Смущенная открытым проявлением чувств, Дороти попыталась прикрыть лицо, и Энрике выпустил ее руки. Она полезла в сумку за салфетками. Это помогло ей справиться со слезами. Дороти нужно выглядеть сильной, чтобы чувствовать себя сильной, заключил Энрике и повернулся к Леонарду. В глазах старика тоже стояли слезы, но он не спешил их вытирать. Торжественно, словно клятву, Леонард произнес:
— Все будет, как хочет Маргарет. Тебе нужна помощь в организации?
Энрике покачал головой.
— Ты уверен? — потребовал патриарх.
— Уверен, — сказал Энрике и вздохнул с облегчением. На мгновение он даже почувствовал себя счастливым — пока не вспомнил, как горьки его достижения.
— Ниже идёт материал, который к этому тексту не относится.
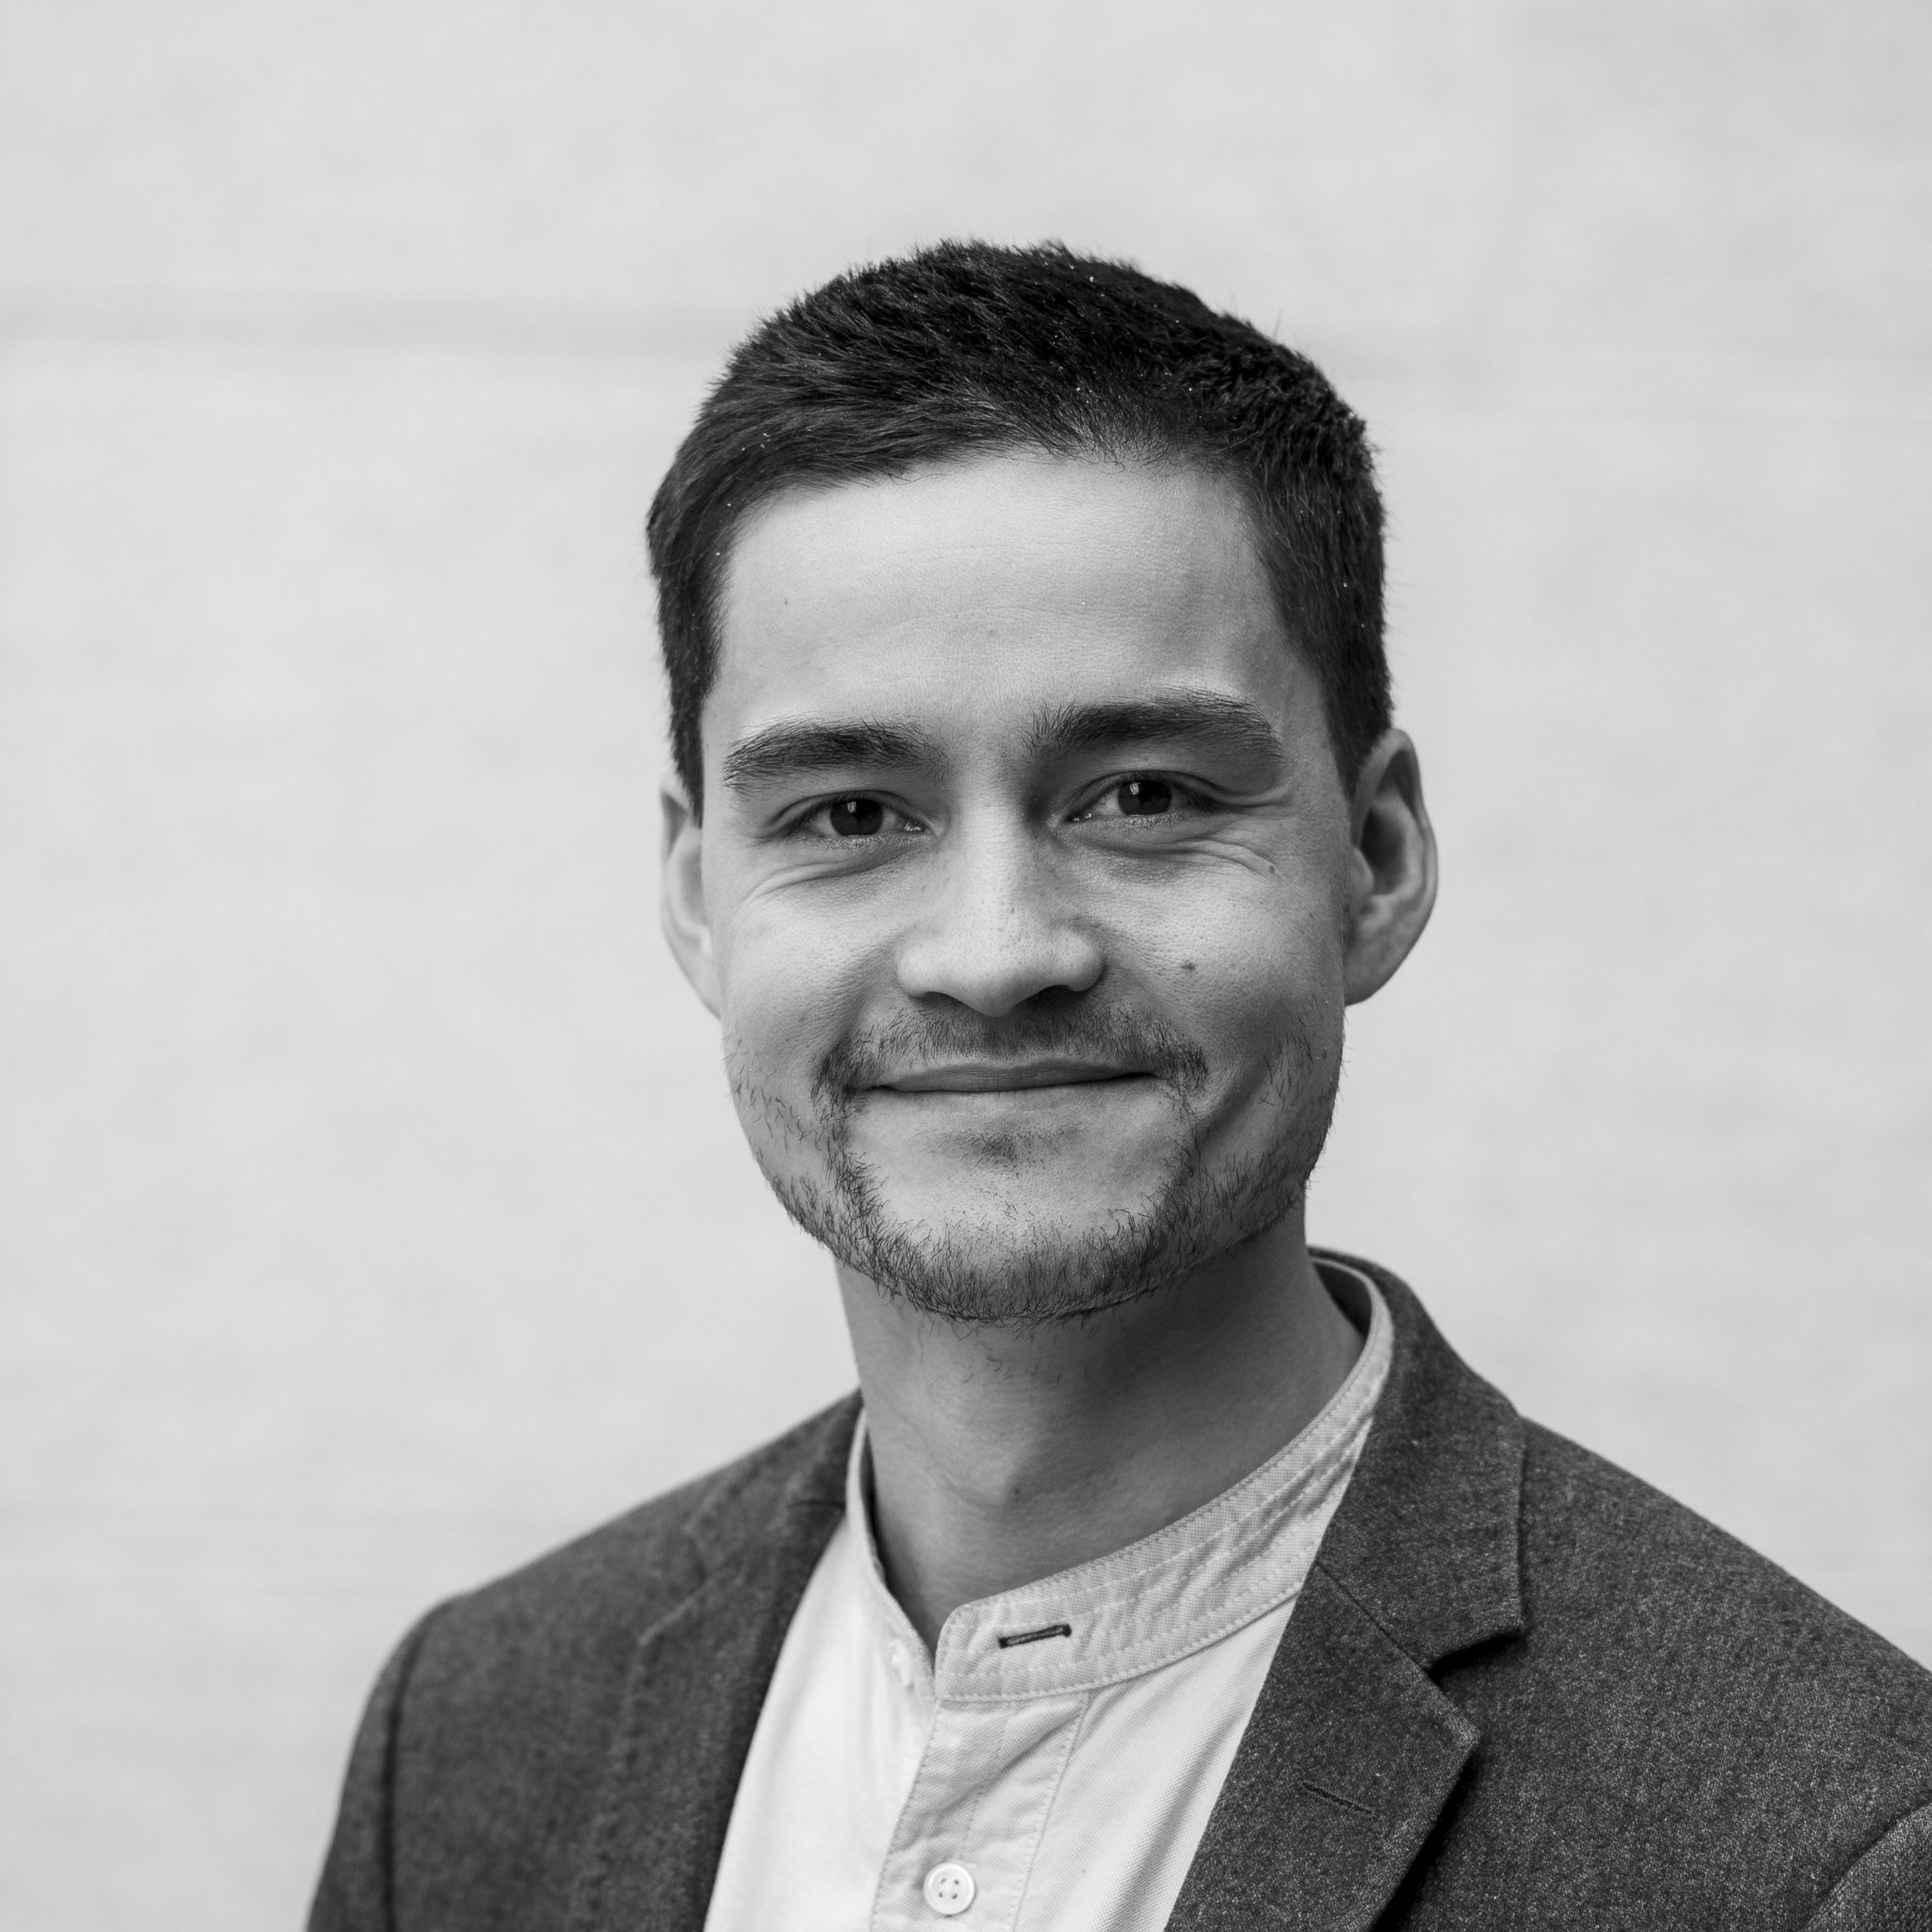 Kai Stiberg - profilbilde

Братья Маргарет с женами прибыли около одиннадцати и задержались почти до вечера. По просьбе Маргарет ланч заказали в «Дэли на Второй авеню», знаменитом кошерном ресторане. Сама она съела две сосиски с горчицей и квашеной капустой и картофельный кныш. Они ели в столовой за большим столом, но потом Маргарет, почувствовав усталость, попросила Энрике донести штатив и пригласила всех следовать за ней наверх. Она принимала их, сидя в постели, и семья отбросила свой обычный снобизм в том, что касалось места, но не в том, что касалось одежды. Все были одеты как для приема: мужчины в пиджаках, брюках и рубашках, женщины в платьях, будто это был День благодарения или Песах. Но вместо привычных светских бесед звучали трогательные детские воспоминания, речь шла в том числе и о материнских заслугах Маргарет. Дороти не хвалила Маргарет напрямую. Она якобы цитировала лестные замечания своих друзей о Маргарет, что было совершенно неубедительно. Поскольку контакты Маргарет с этими людьми ограничивались приветствиями при случайных встречах в клубе, все понимали, что главным автором была Дороти.